Source material:
================

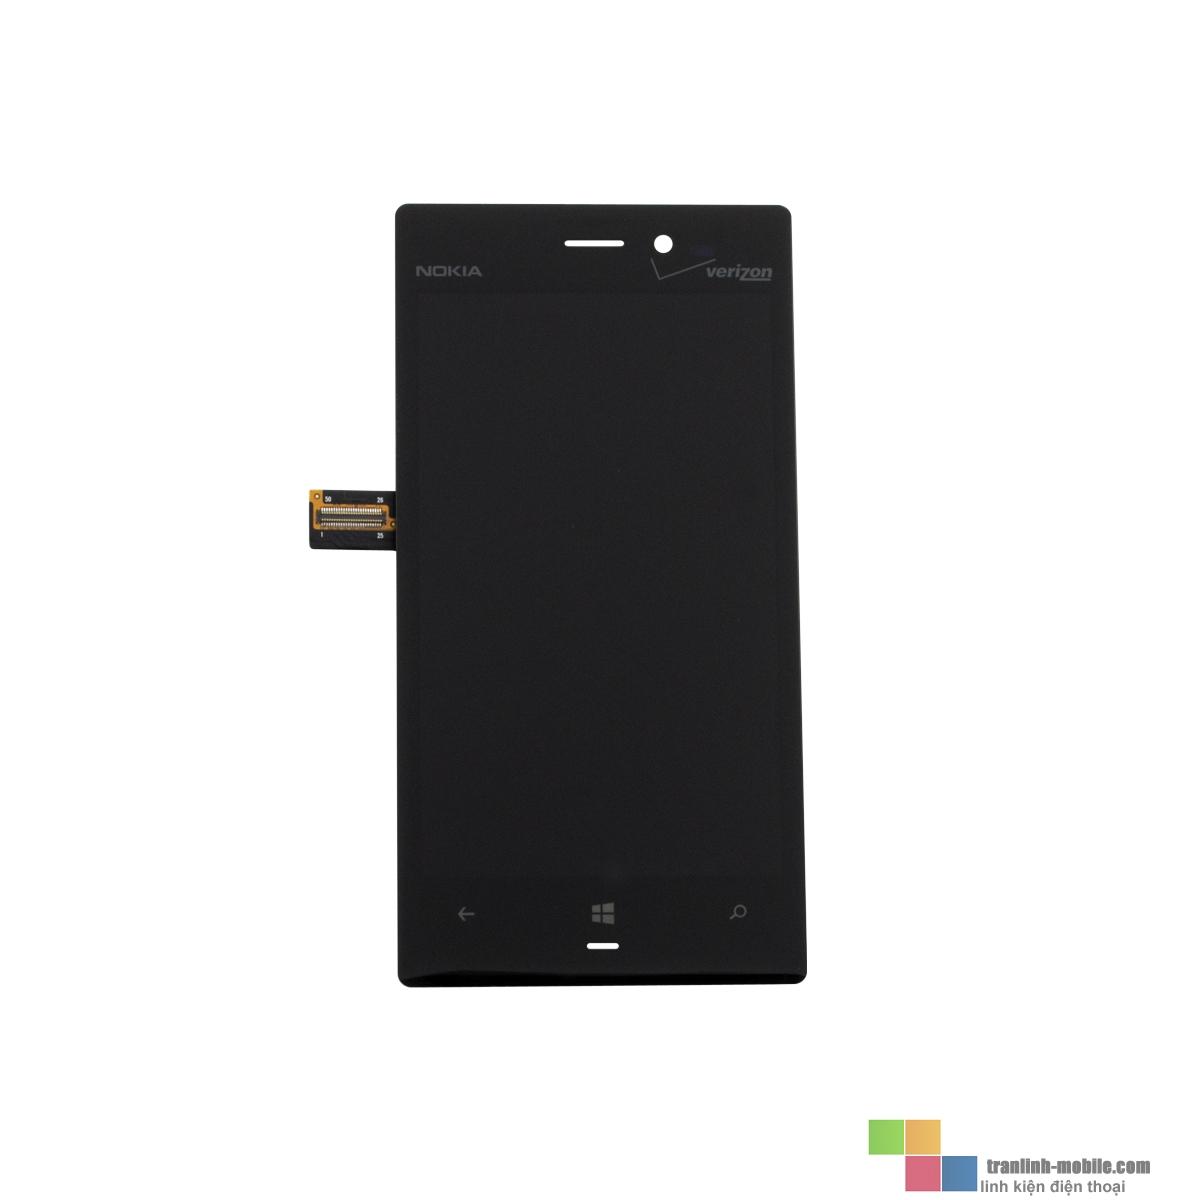 man-hinh-nokia-lumia-928
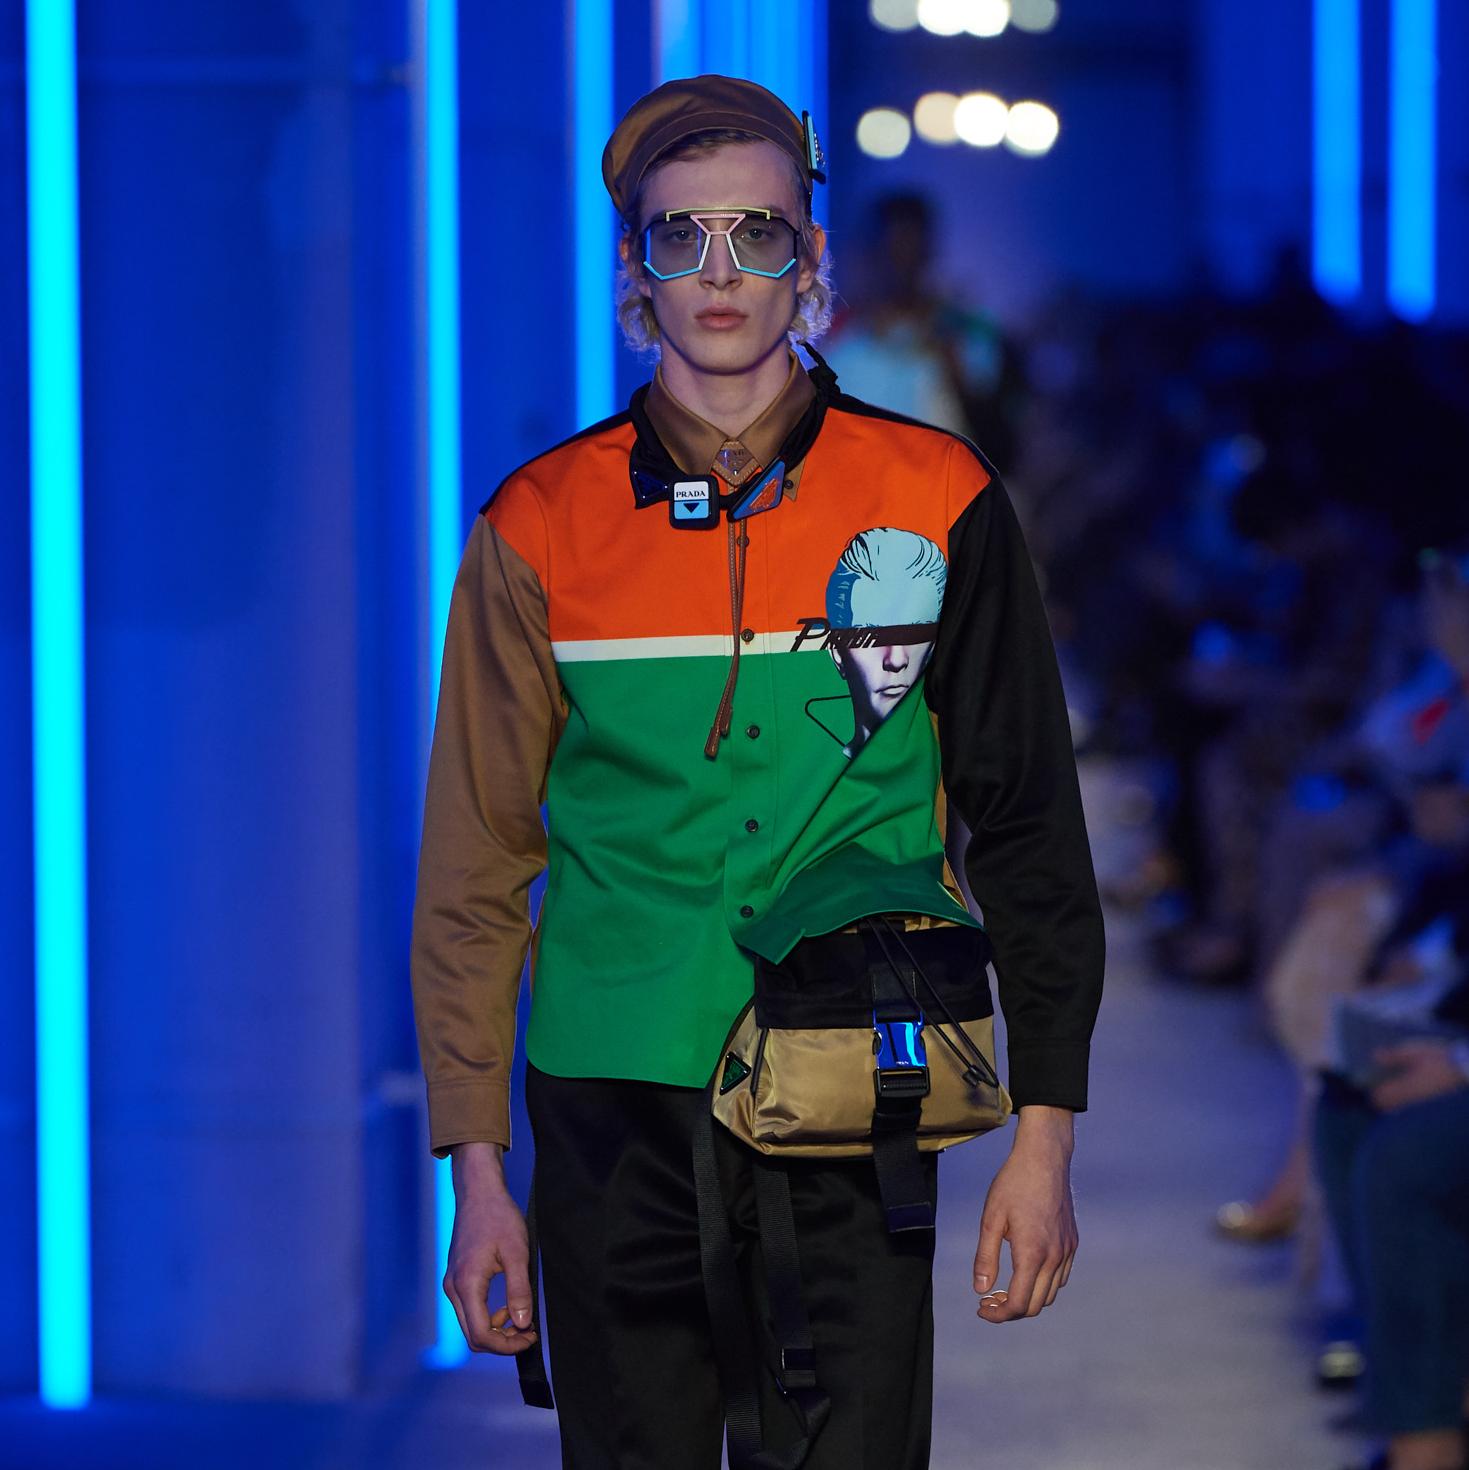 時尚的無限可能─PRADA 2020春夏男裝系列
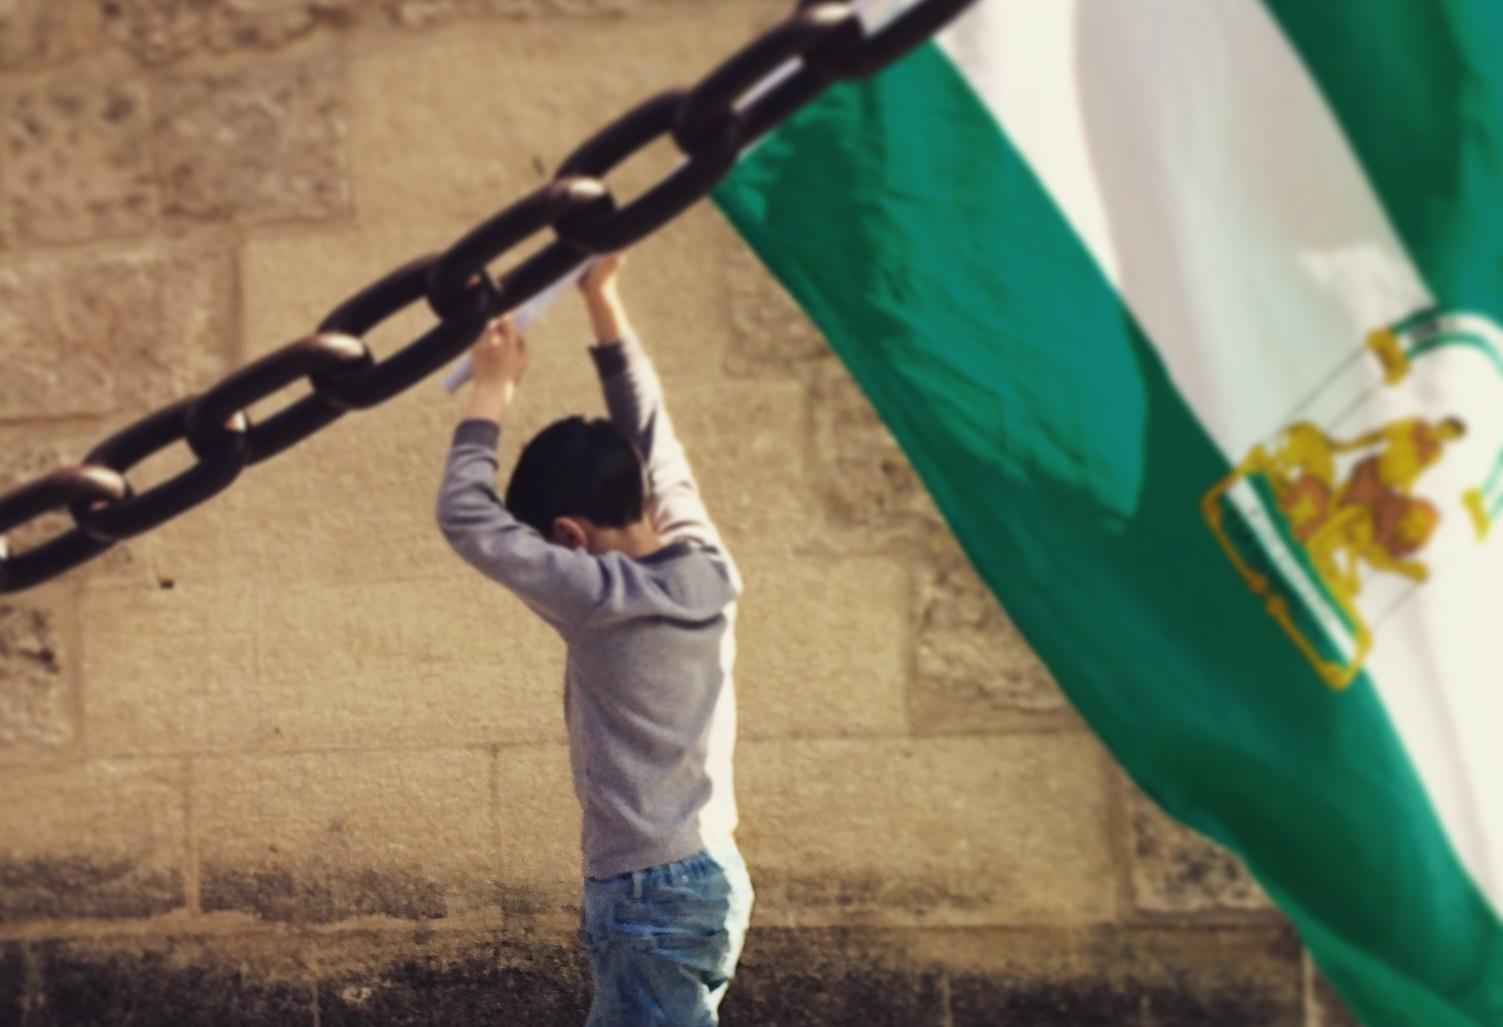 Un niño prota la bandera de Andalucía en una protesta contra el gobierno de Rajoy. / S.R
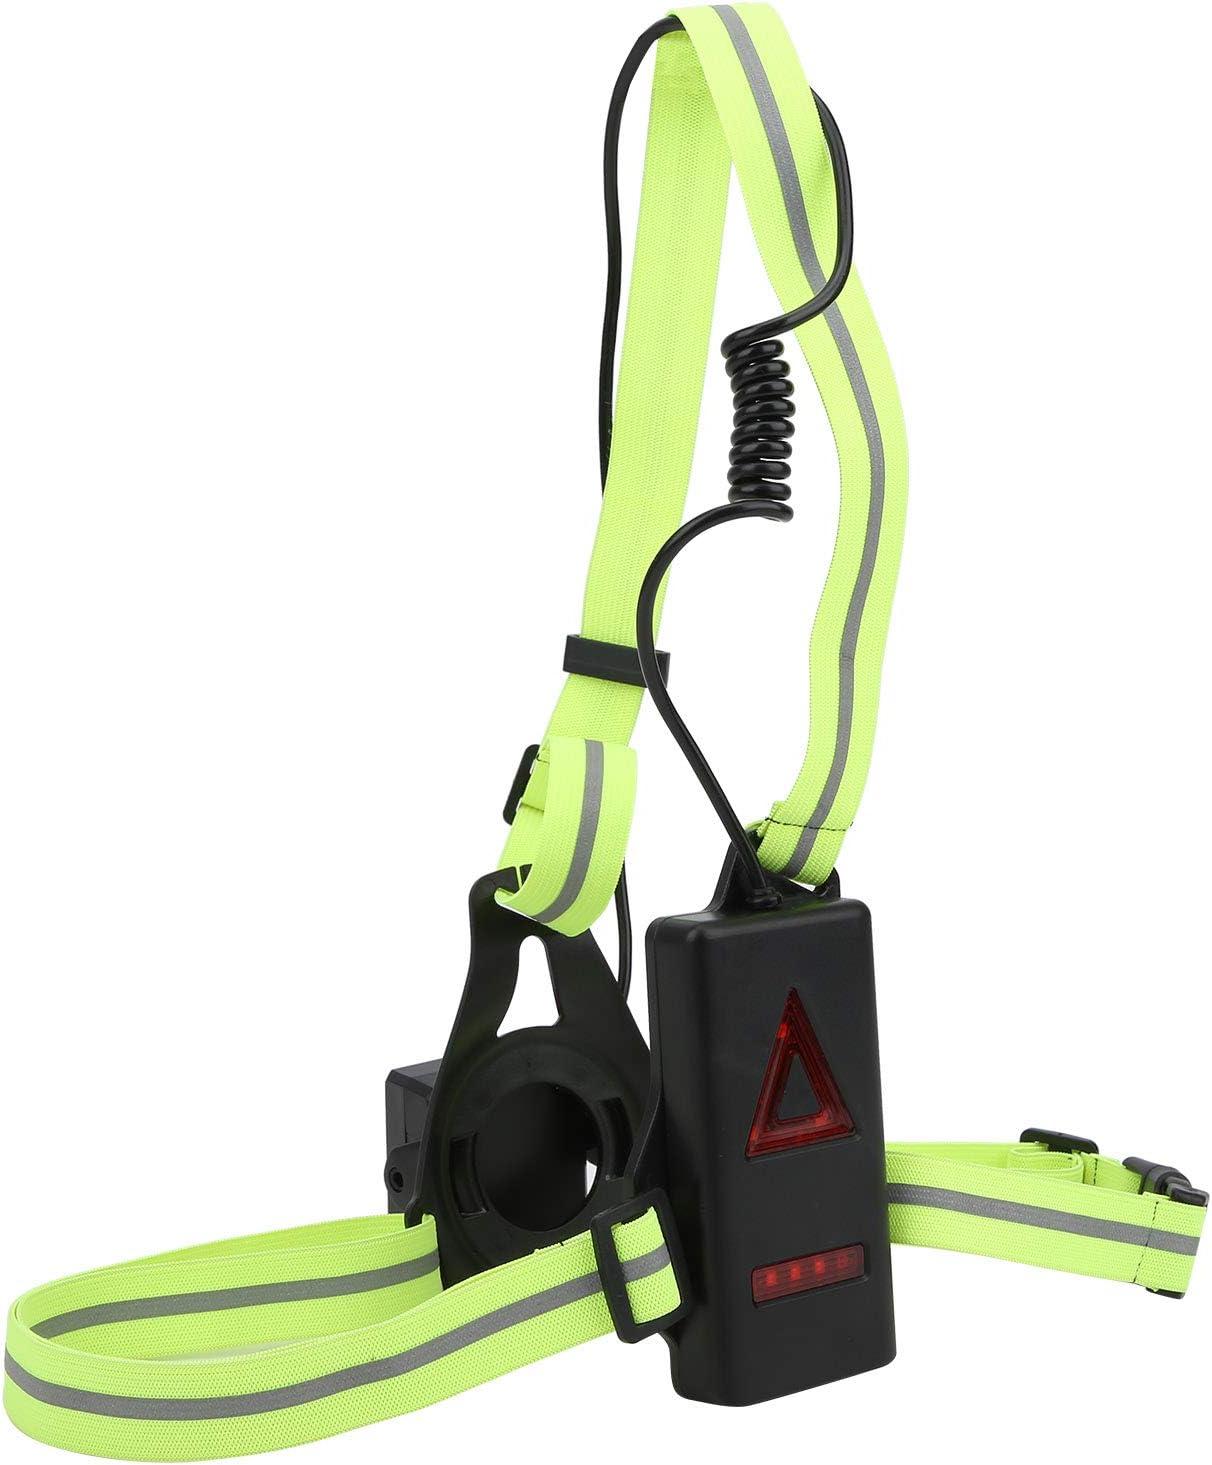 Alomejor1 Night Running Light USB Rechargeable Chest Light High Lumen 3 Modes d/éclairage Lampe de Poitrine davertissement de s/écurit/é pour Le Sport de Plein air

================

Your goal: Pictures must not appear in the copy, which must otherwise match the listing exactly.

Solution:
 man-hinh-nokia-lumia-928
 時尚的無限可能─PRADA 2020春夏男裝系列
 Un niño prota la bandera de Andalucía en una protesta contra el gobierno de Rajoy. / S.R
 Alomejor1 Night Running Light USB Rechargeable Chest Light High Lumen 3 Modes d/éclairage Lampe de Poitrine davertissement de s/écurit/é pour Le Sport de Plein air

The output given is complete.